There are eight poem–commentary pairs in the ‘New Series’ section. Though every pairing is interesting and instructive, I was especially interested in two where the commentator is the English translator. Both Dong Li (on Song Lin’s ‘Near) and Stephanie Smee (on Joseph Ponthus’ ’31. from “Part two”, On the line’) shed brilliant light on a translator’s relationship to the original work and its author.


Vern Field (editor) Island 159 (2019)

This issue of Island is upfront about financial difficulties. In 2019, according note from Geoff Heriot, Chair of the Island Board, the journal managed three issues instead of the usual four – but it ended the year in the black so they managed ‘to keep the doors open’.

Elsewhere, the sense of struggle recedes. There are four interweaving elements: nonfiction edited by Anna Spargo-Ryan, fiction edited by Ben Walter, poetry edited by Lisa Gorton, and arts features edited by Judith Abell.

The arts features are beautifully illustrated essays on works by three Tasmanian artists – Lucienne Rickard’s Extinction Studies, Julie Gough’s Tense Past and Selena de Carvalho’s Beware of Imposters (the secret life of flowers) – that bear witness to the island’s vital art scene.

Ten poems are interspersed among the other contents.
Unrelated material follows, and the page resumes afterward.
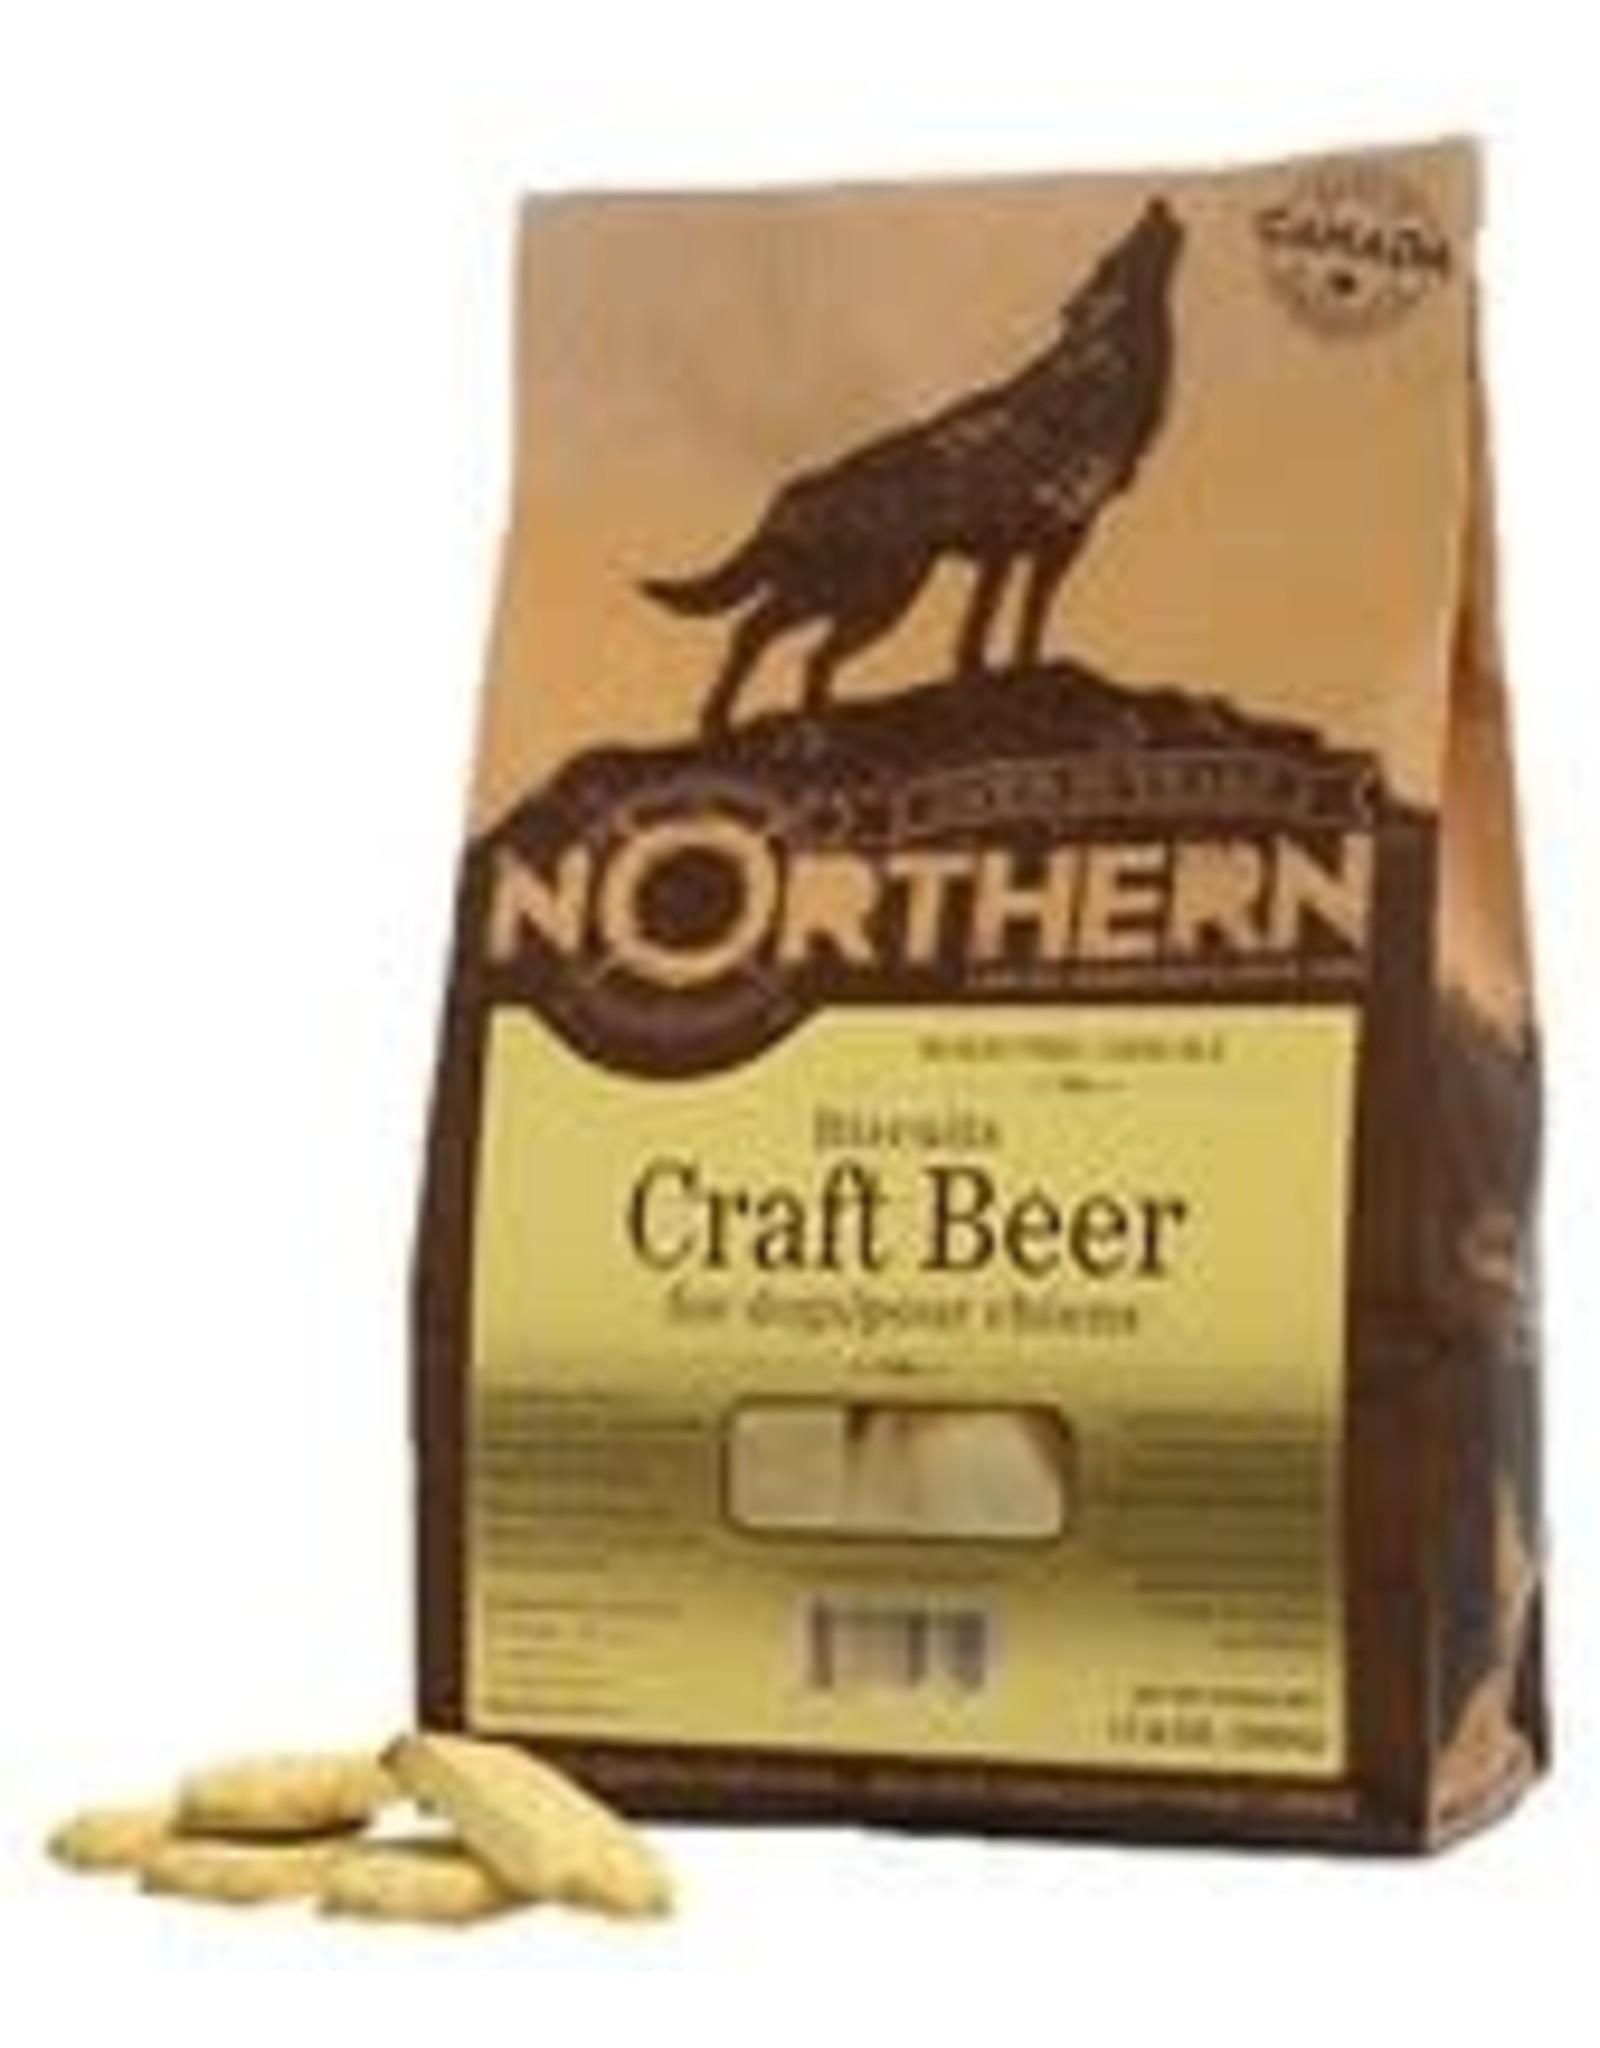 Northern Biscuit Northern Biscuit Craft Beer 500g

The poem that spoke most directly to me is ‘Ash in Sydney‘ by Jake Goetz. It’s a wonderful evocation of the experience of being in Sydney during the bushfires of summer 2019–2020, which begins:

ash in falling on the Lidcombe line
on Carriageworks and Regents Park
it's falling on planes of closed-up houses 
where Greg thinks his summer's fucked 
and it's blowing in from morning westerlies 
and it's blown back by arvo southerlies

You can read it and a number of other poems from this issue on the Island website at this link.
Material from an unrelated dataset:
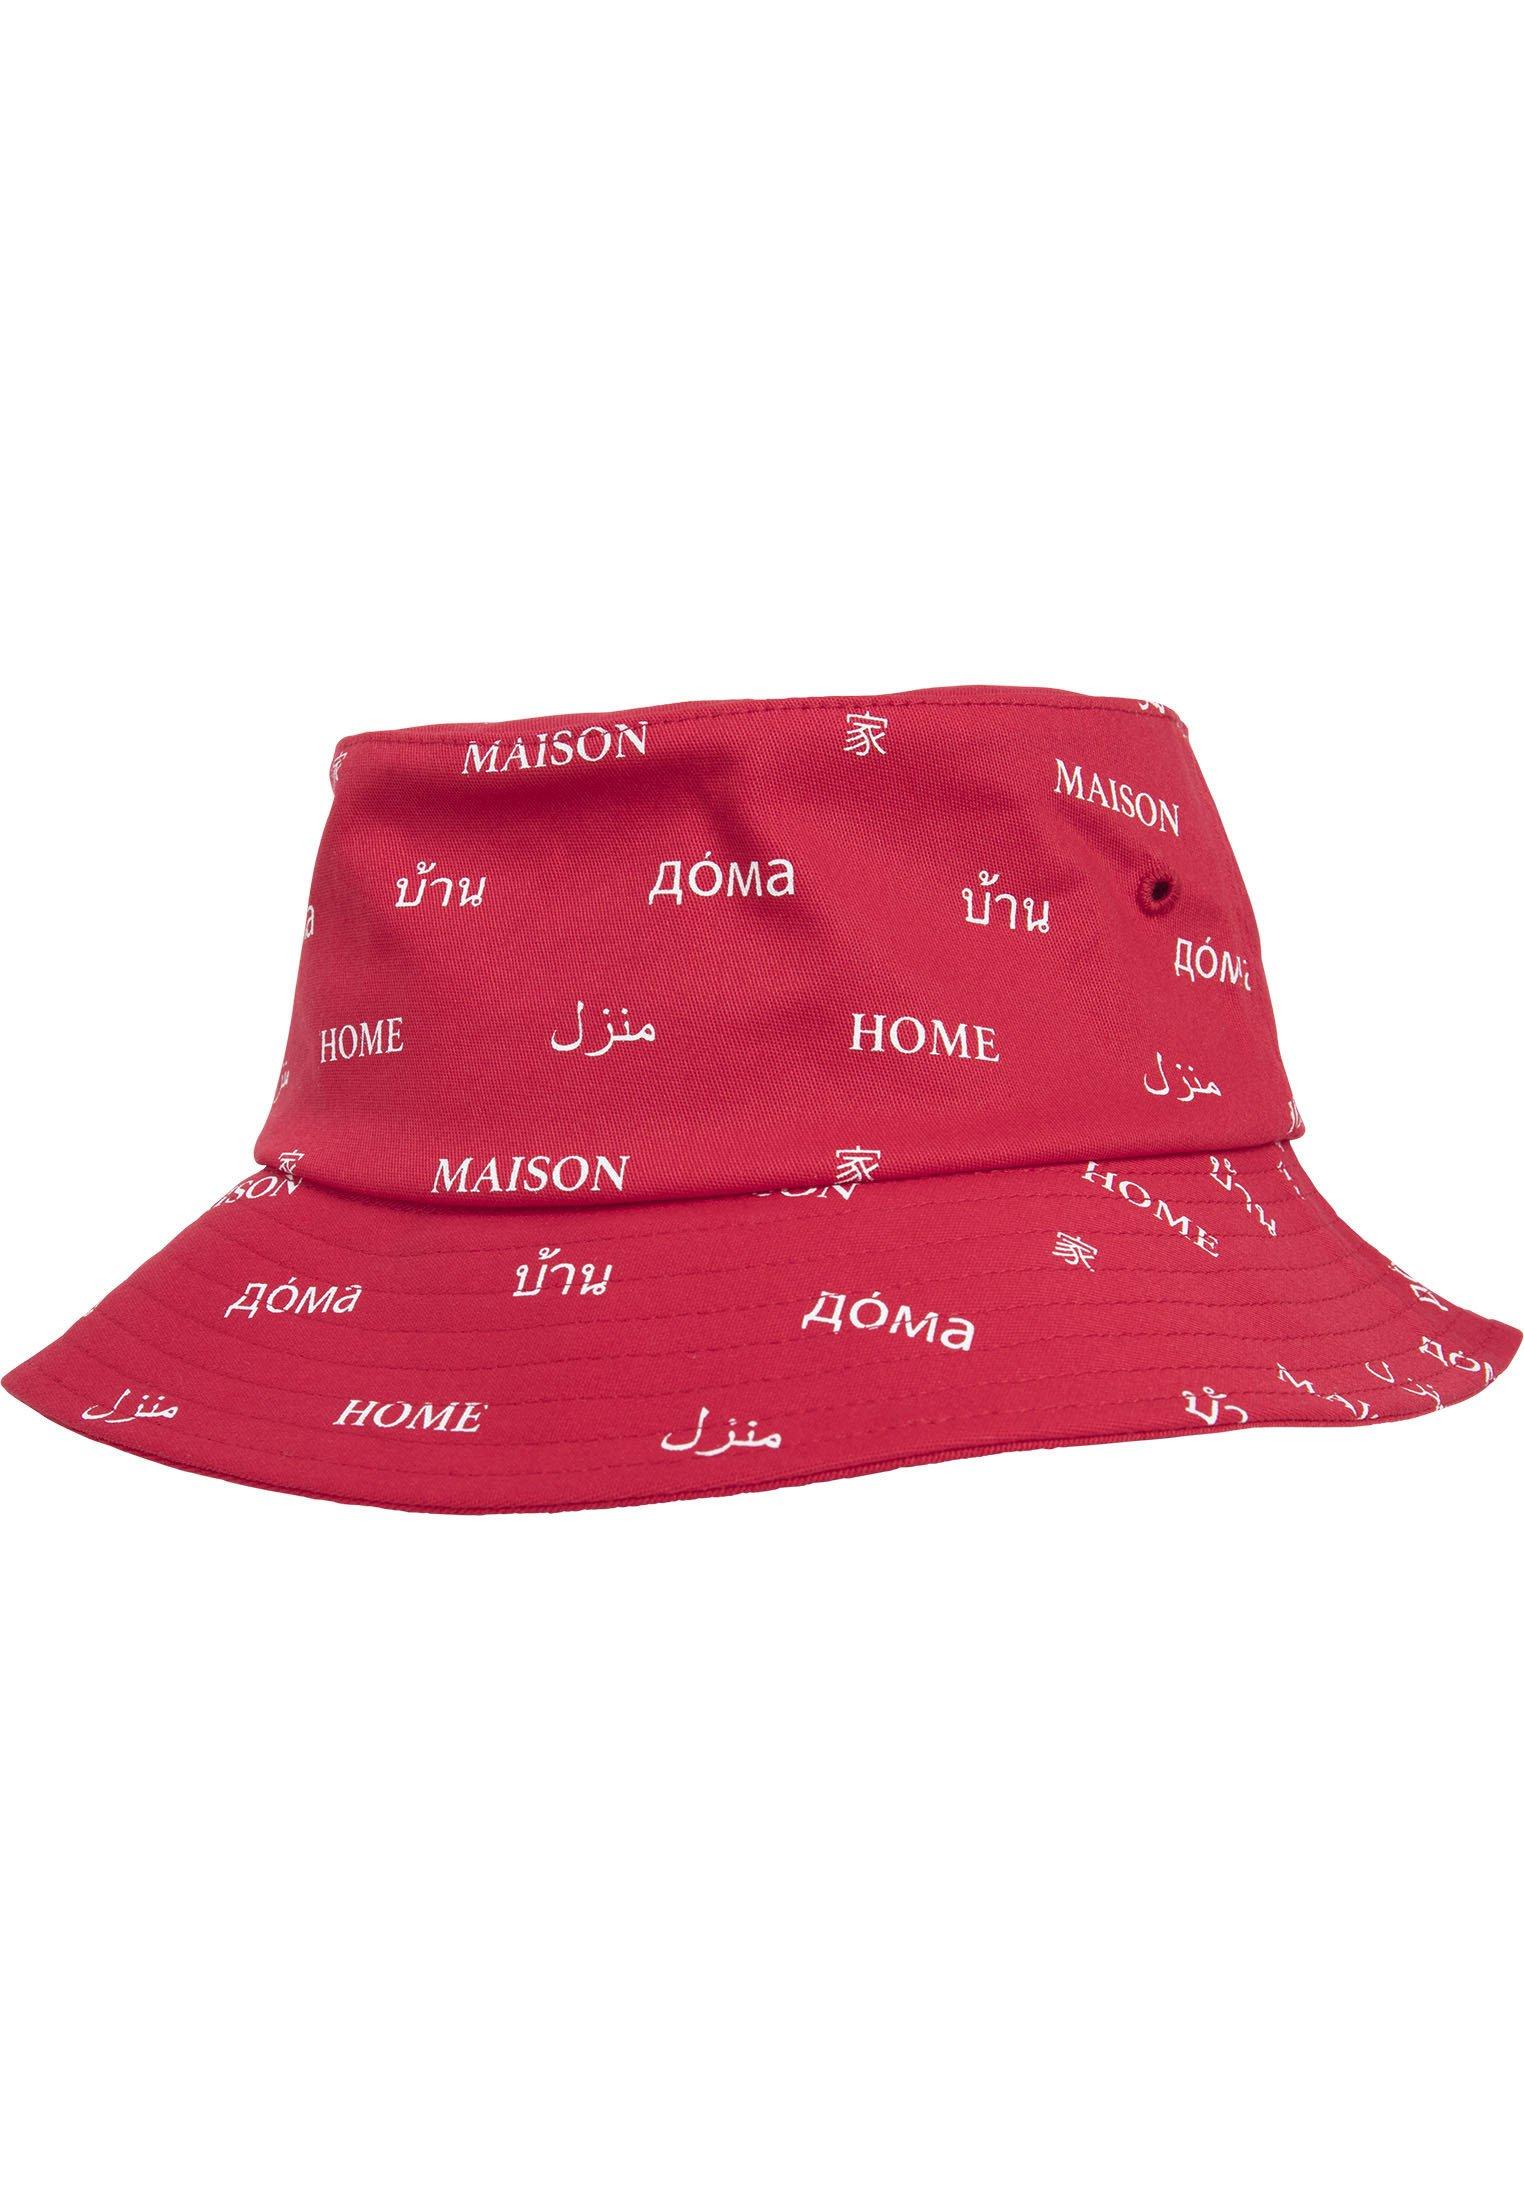 Homme MAISON  - Chapeau

There are five pieces of fiction whose subjects range from international adultery to futuristic crime thriller. If I have to single out one, it’s Pip Smith’s ‘Starter Culture’, in which the 70-year-old narrator endures the slights that come her way from her granddaughters and other young women, and eventually wreaks satisfying vengeance (no young people being harmed in the making of said vengeance).

Among the excellent nonfiction pieces, it speaks volumes of Katerina Cosgrove’s ‘Death in the Garden‘, that I found its account of grief and resilience powerful even after it said that Epicurus ‘founded a school of thought championing the pursuit of hedonism’, which would have made my high school Latin teacher apoplectic. In ‘Principles of Permaculture‘ Sam George-Allen reflects on six months living alone on ‘a quarter-acre oblong island in a sea of golden grass, wedged between two improbable paddocks on the edge of a rundown country town’, and – though she doesn’t claim it for herself – describes a kind of solitary engagement with the earth that, through her beautiful writing about it, becomes a form of activism.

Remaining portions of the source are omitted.